Para que el impacto de las primeras frases que abren este libro sea mayor; para entregarse a la existencialidad en carne viva que propone el autor de principio a fin, habría que pasar las palabras del tuteo español al voceo argentino, entonces se oiría a Auster comenzar esta balada de invierno diciendo: «Pensás que nunca te va a pasar, imposible que te suceda a vos, que sos la única persona en el mundo a quien jamás le ocurrirán esas cosas, y entonces, una por una, te empiezan a pasar todas, igual que le suceden a cualquier otro».
Y lo que le pasa, los que le pasan y le pesan son los años. Algo que a Auster como a todos (pero, él supo detenerse a expresarlo) le ha sucedido en diversos momentos. Por ejemplo en los años 80 cuando, aún treintañero, en «La invención de la soledad» se puso a contar la relación con su padre y de él como padre. O cuando y con 50 años en «A salto de mata» recuerda sus fracasados intentos juveniles de convertirse en escritor. Pero no sólo en libros claramente autobiográficos, sino toda su obra está entramada de ficción y biografía, desde «Ciudad de cristal», su primera novela publicada, donde el detective se llama Paul Auster.
Pero ahora, a los 65 años, ha intentado ir más lejos, instalándose de modo diferente junto a escritores que vienen tratando sobre los años finales de la vida, confesando su pasado como Gunther Grass en «Pelando la Cebolla», enfrentando pérdidas a través de personajes que las viven, como J.M. Coetzee en «Desgracia» u «Hombre lento», soportando la brevedad de la existencia, como Kenzaburo Oé en «Un amor especial», viéndolo desde la muerte de un amigo, como Philip Roth en «Elegía», donde recuerda que Edna OBrian dijo que «el cuerpo contiene la biografía tanto como el cerebro», frase que es una de las plataformas desde donde Auster en este libro ve su vida. Va observando las cicatrices que pueblan su cuerpo: caídas, accidentes, azares, atropellos, o marcas de su historia como tantas otras, como cuando hace un listado de los 21 lugares donde ha vivido, o recuerda el accidente donde casi mueren su mujer y su hija, o en medio de la muerte de su madre revive aquel día que a los 14 años un amigo cayó muerto a su lado partido por un rayo y él se quedó tratando de hacerlo revivir y sollozando.
Auster dice que buscó hacer una «fenomenología de la respiración», pero lo que logró encontrar es un ritmo sincopado, una música que a veces es balada, y otras, sonata para piano.

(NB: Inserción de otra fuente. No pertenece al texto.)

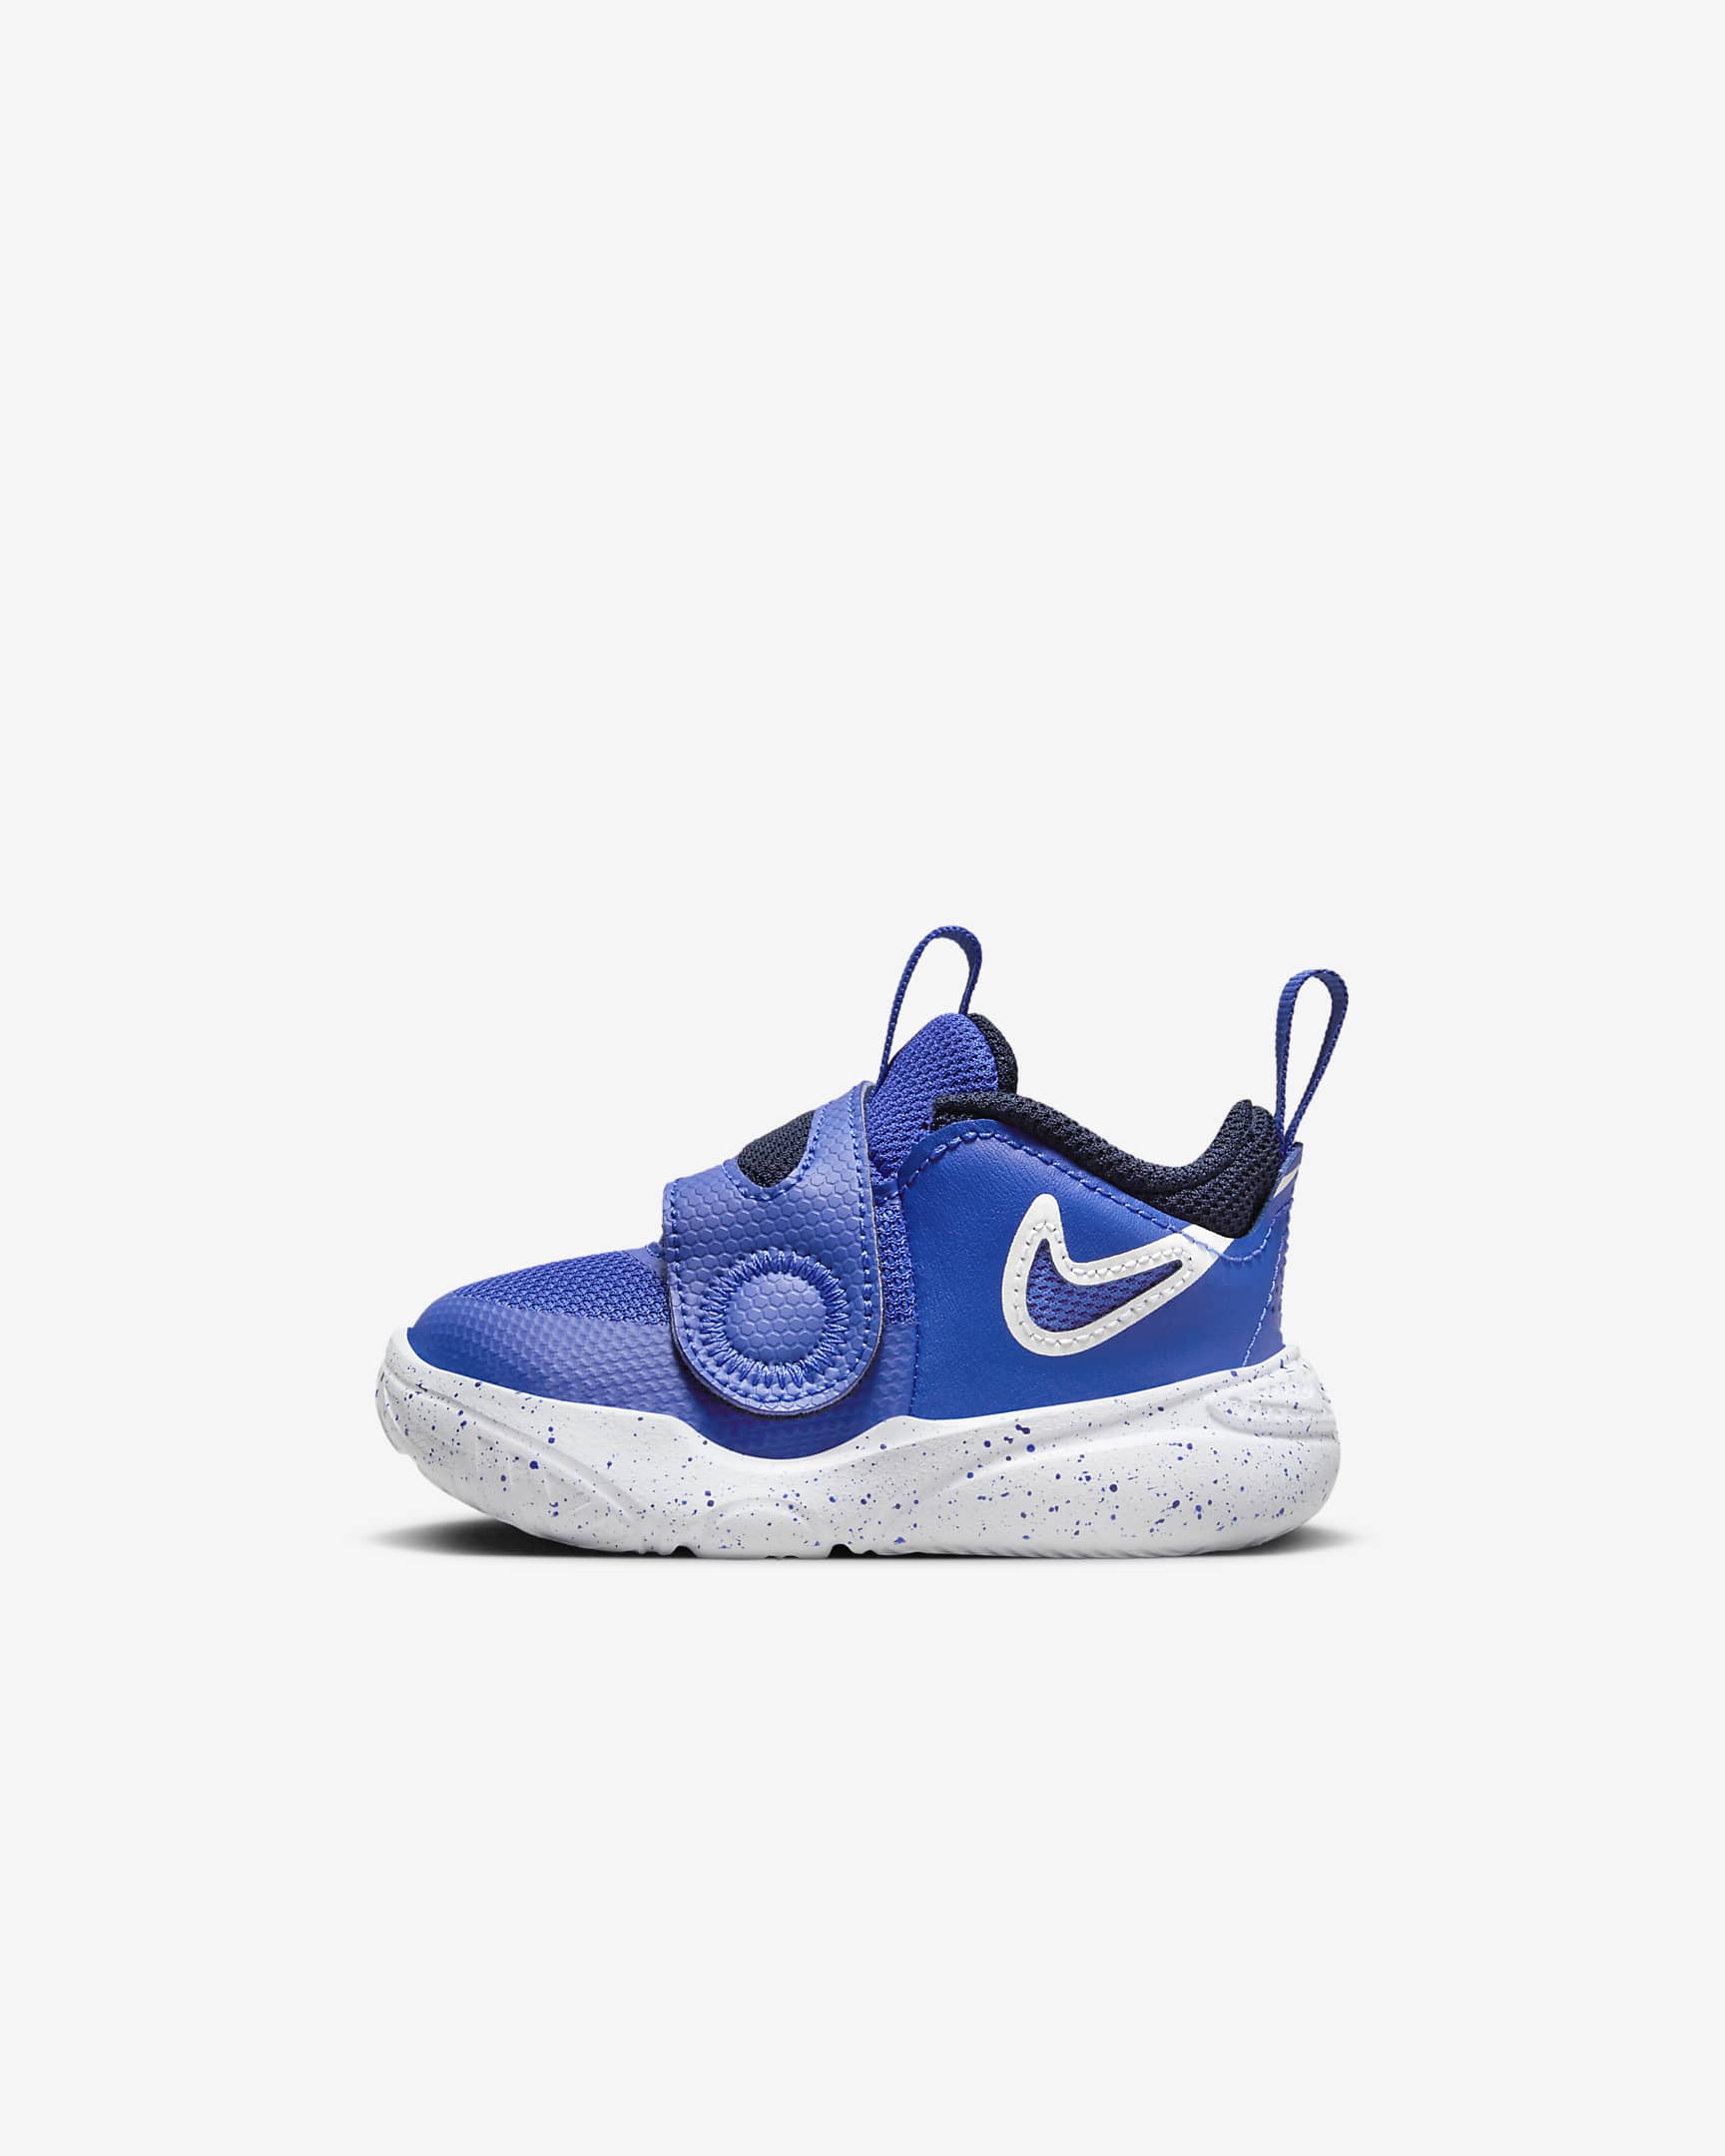 Nike Team Hustle D 11 Baby/Toddler Shoes. Nike MY

La estrategia de Auster para hablar de sí mismo es establecer el relato desde la segunda persona, desde un narrador omnisciente que lo conoce a fondo, un ser que a veces recuerda al ángel de «Las alas del deseo» y otras a un hermano excesivamente gemelo que no le permite caer en el narcisismo. Esa forma del relato provoca la identificación del lector que percibe que muchos de los sucesos que cuenta, él también los vivió a su manera. Y muchos de los sucesivos fragmentos de vida narrados -el libro tiene mucho de puzzle- se vuelven crónicas, relatos, borradores de cuentos. Cuando el joven Auster, que vive en un cuarto de servicio en París, encuentra a una puta que decide pasar la noche explicándole el kamasutra y recitándole poemas de Baudelaire, se comienza a pensar que el autor de «La música del azar» es un rezagado escritor de la «Generación perdida», esa que hizo la bohemia de «Medianoche en París», y va de Hemingway y Fitzgerald a Henry Miller. Es quien se hizo escritor porque «llevas una herida en su interior ¿por qué, si no, te pasaste toda tu vida adulta vertiendo palabras como sangre en una hoja de papel?». ¿Sentimental? Sí, al punto de confesar su amor a «la única» Siri Hustvedt, capaz de sostener que lo mejor, como dijo Joseph Joubert, es «morir inspirando amor (si se puede)» y, sobre todo «si se puede». Lo emotivo se desliza en poesía ennumerativa, para terminar interpelando al lector: «¿Cuántos pasos dados? ¿cuántos estornudos, risas, bostezos, eructos, toses, frotarte los ojos, rascarte la nariz? ¿Cuántos besos dados y recibidos? Se ha cerrado una puerta. Otra se ha abierto. has entrado en el invierno de tu vida».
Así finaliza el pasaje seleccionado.